The flavour-changing trilinears give contributions to the effective Hamiltonian in (1) at the one loop level. Contributions can arise from boxes, photon penguins, and Z penguins and example Feynman diagrams are shown in Fig. 7. A straightforward flavour spurion analysis shows the following points:

  • contributions to \(C_{7,8}^\prime \), are suppressed by \(m_s/m_b\) with respect to contributions to \(C_{7,8}\);

    Fig. 7
    figure 7

    Example Feynman diagrams that correspond to MSSM contributions to the effective Hamiltonian for \(b\rightarrow s \ell \ell \) transitions proportional to flavour-changing trilinear couplings. In the penguin diagrams, the photon, gluon and Z propagators need to be attached to the loop in all possible ways

  • contributions to \(C_{9,10}^\prime \) are suppressed by \(m_s m_b / m_t^2\) with respect to contributions to \(C_{9,10}\);

  • contributions proportional to \(A_{tc}\) are suppressed by \(m_c / m_t\) compared to contributions proportional to \(A_{ct}\).

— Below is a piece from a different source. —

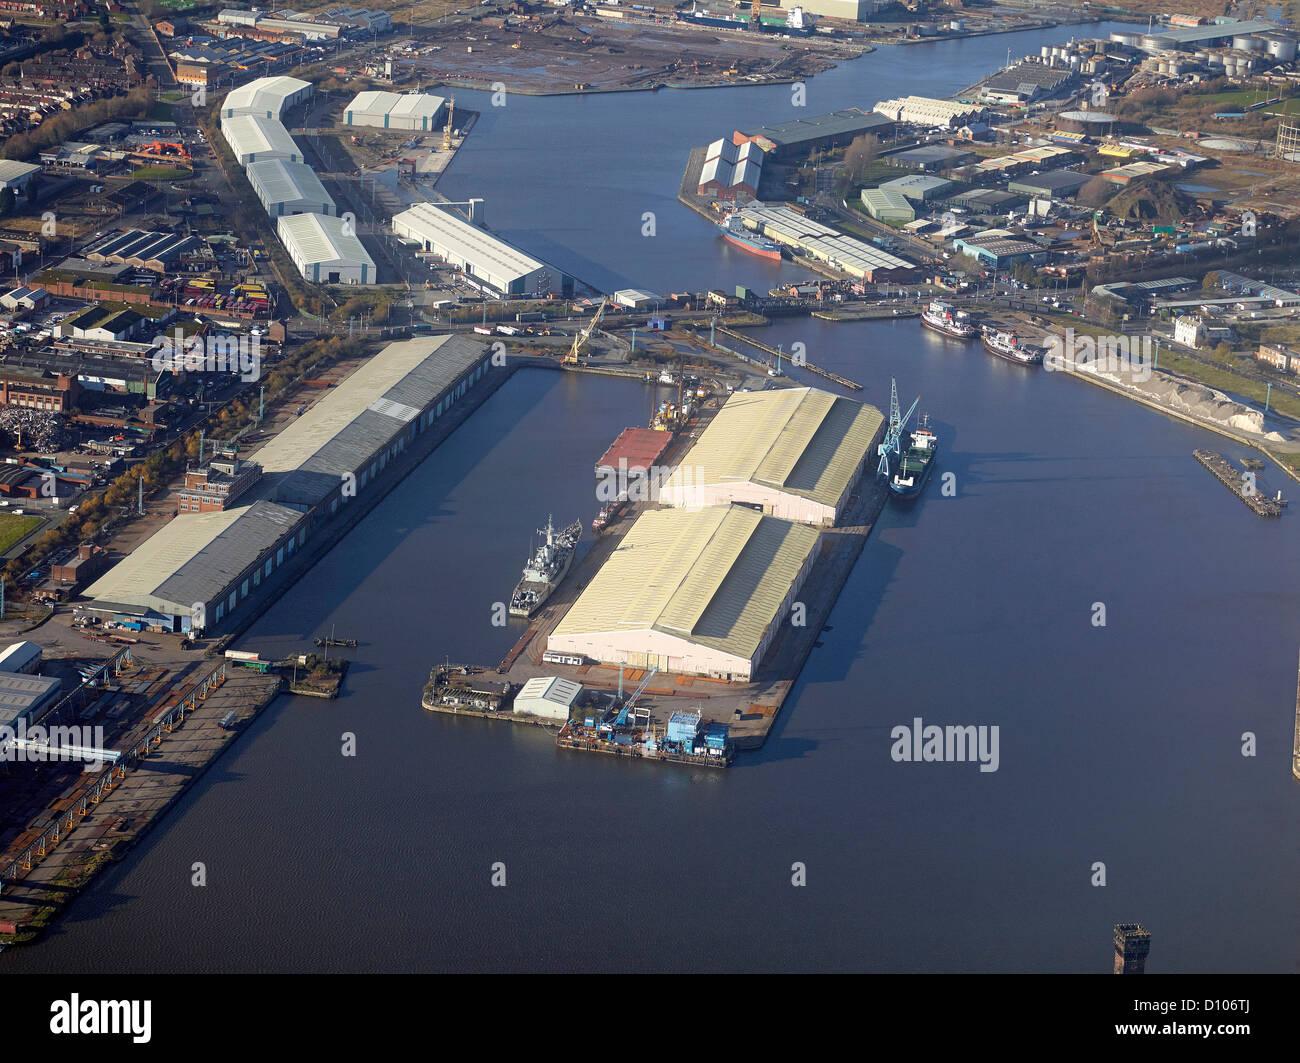 Aerial view of Birkenhead Docks, Merseyside, North West England - Stock Image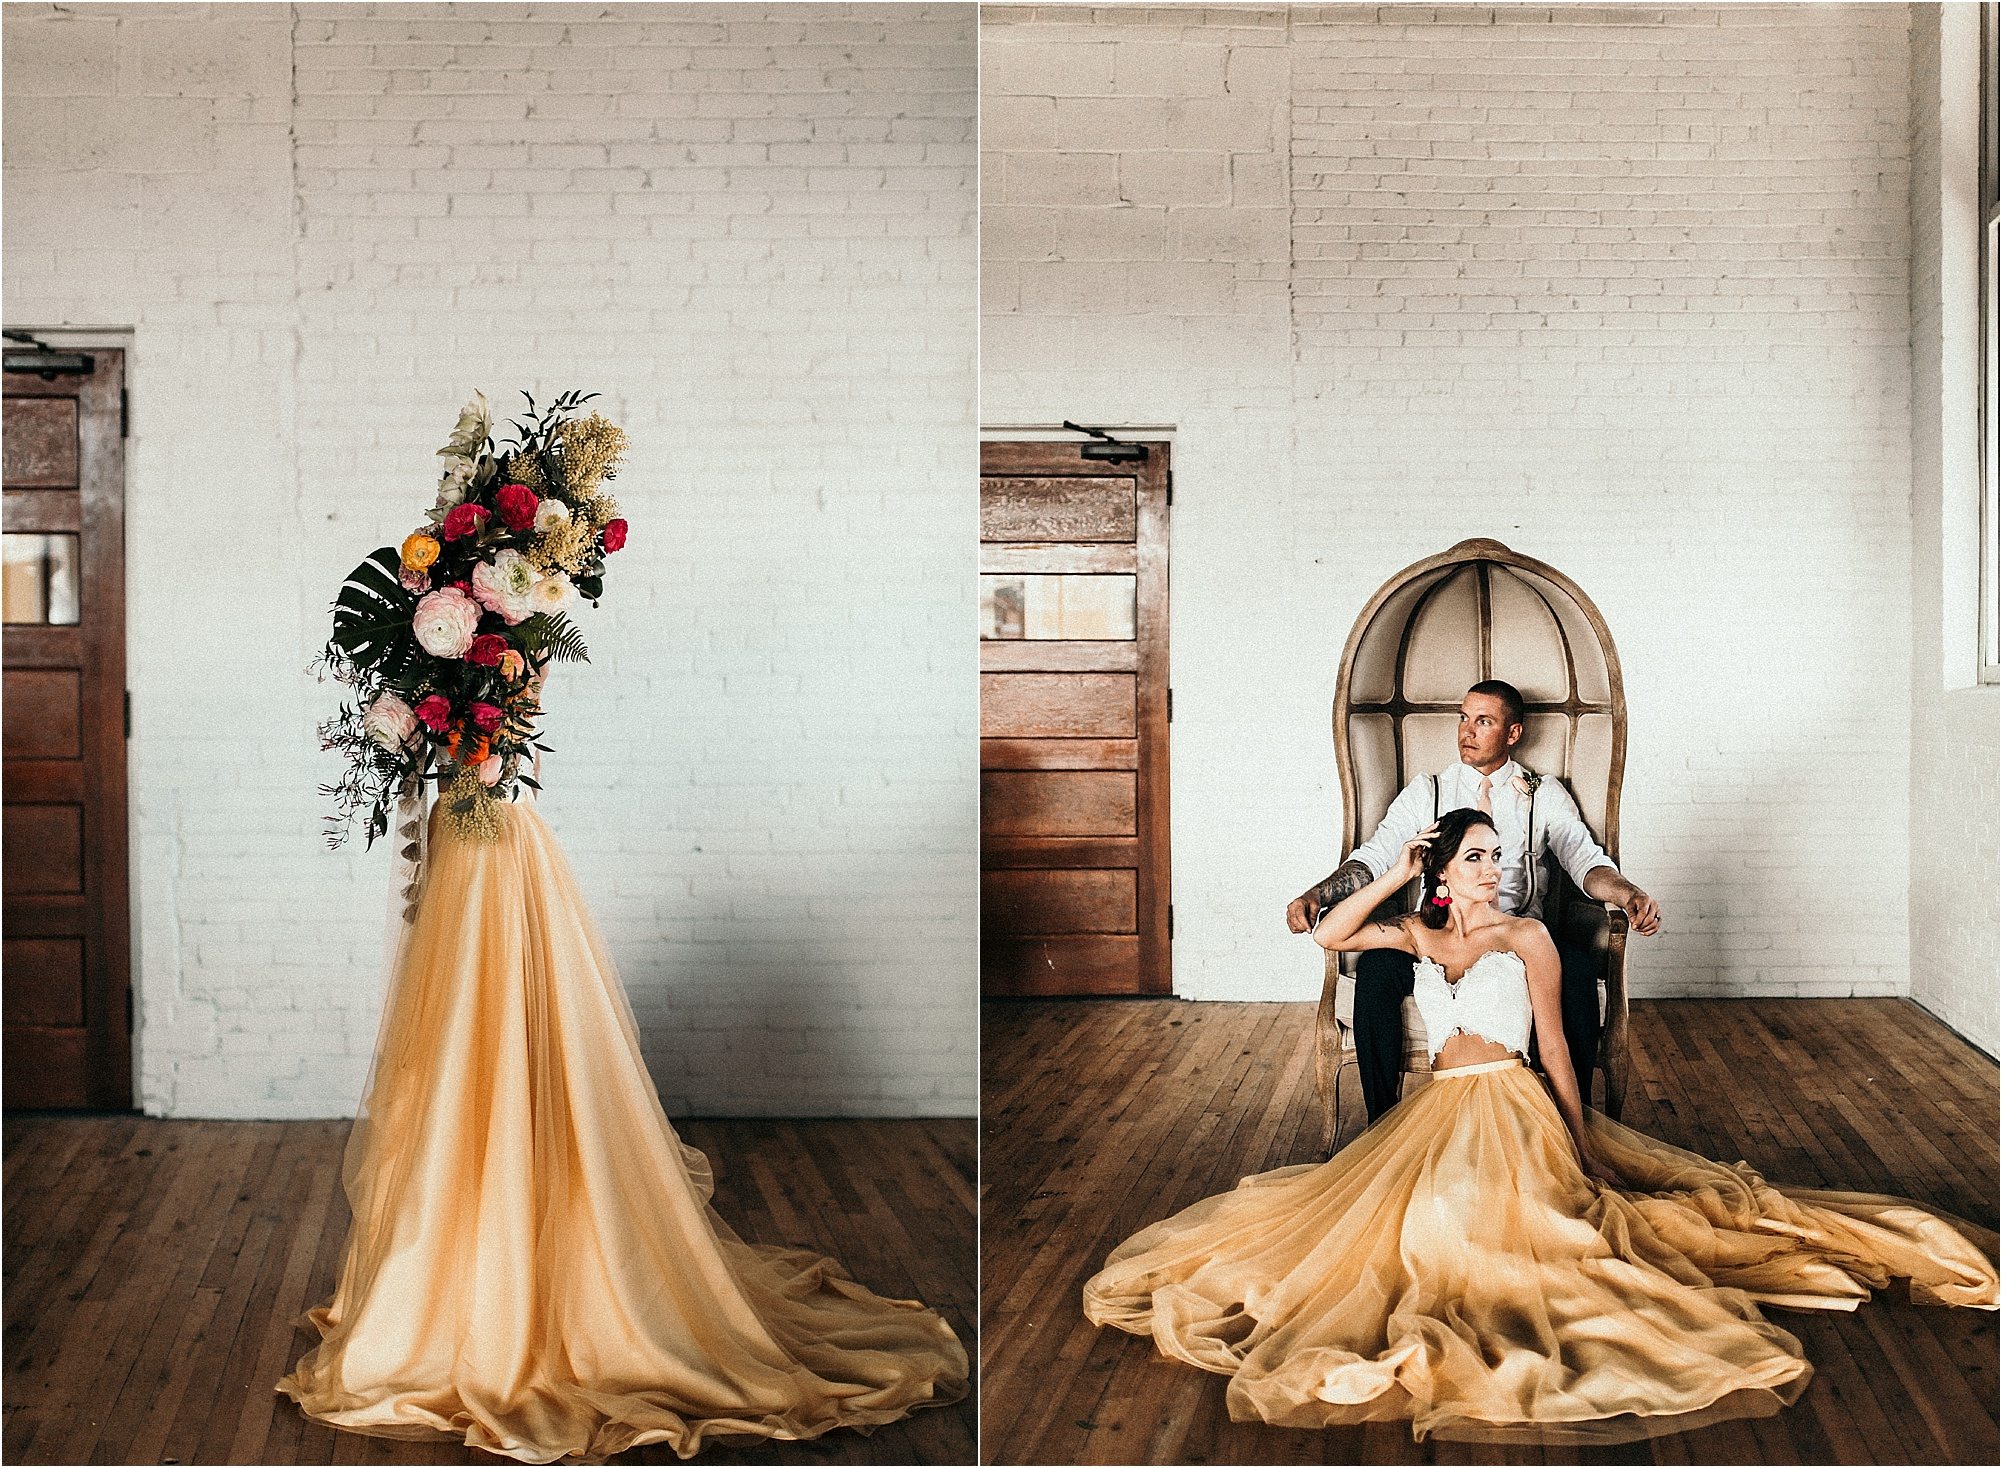 Old-South-Vintage-Rentals-Bride-avonne-photography_0019.jpg

We therefore concentrate on the Wilson coefficients \(C_7\), \(C_8\), \(C_9\) and \(C_{10}\) in the presence of a non-zero \(A_{ct}\). To illustrate the main parameter dependence, in the following we give simple approximate expressions for the Wilson coefficients that are obtained at leading order in an expansion in \(m_\text {EW}^2/m_\text {SUSY}^2\). The most important SUSY masses involved are the Wino mass \(M_2\), the Higgsino mass \(\mu \), the left-handed slepton mass \(m_{\tilde{\ell }}\), the stop masses \(m_{\tilde{t}_L}\) and \(m_{\tilde{t}_R}\), as well as the left-handed charm-squark mass \(m_{\tilde{c}_L}\). The largest effects in \(b \rightarrow s\) transitions can obviously be achieved if the SUSY spectrum is as light as possible. To keep the expressions compact, we set for simplicity \(M_2 = \mu = m_{\tilde{\ell }} \equiv M\), \(m_{\tilde{t}_L} = m_{\tilde{c}_L} \equiv m_L\), \(m_{\tilde{t}_R} \equiv m_R\). We also work in the limit \(M \ll m_R \ll m_L\), which is least constrained by collider searches and therefore allows one to maximise the new physics contributions to the Wilson coefficients. Note also that a light Higgsino and light stops are well motivated by naturalness arguments [8789]. For the dipole coefficients we find in a leading log approximation

$$\begin{aligned} C_7= & {} \frac{V_{cs}^*}{V_{ts}^*} \left( \frac{A_{ct}}{A_t} \right) \tan \beta \frac{m_W^2 m_t^2}{m_R^4} \frac{\mu M_2 |A_t|^2}{m_L^4}\nonumber \\&\times \left[ \frac{m_R^2}{M^2} - \frac{7}{3} \log \left( \frac{m_R^2}{M^2} \right) \right] \nonumber \\&- \frac{m_t^2}{m_R^2} \frac{\mu A_t}{m_L^2} \tan \beta \frac{1}{2}\log \left( \frac{m_R^2}{M^2} \right) , \end{aligned}$$
(29a)
$$\begin{aligned} C_8= & {} \frac{V_{cs}^*}{V_{ts}^*} \left( \frac{A_{ct}}{A_t} \right) \tan \beta \frac{m_W^2 m_t^2}{m_R^4} \frac{\mu M_2 |A_t|^2}{m_L^4} \log \left( \frac{m_R^2}{M^2} \right) \nonumber \\&- \frac{m_t^2}{m_R^2} \frac{\mu A_t}{m_L^2} \tan \beta \frac{1}{4} . \end{aligned}$$
(29b)

The contributions to \(C_7\) and \(C_8\) from \(A_{ct}\) arise first at the dimension-8 level, i.e. they are suppressed by \(m_\text {EW}^4/m_\text {SUSY}^4\). The last terms in (29a) and (29b) are the leading irreducible MFV contributions to \(C_7\) and \(C_8\) from Higgsino stop loops. They arise already at dimension 6 and are typically much larger than the contributions proportional to \(A_{ct}\).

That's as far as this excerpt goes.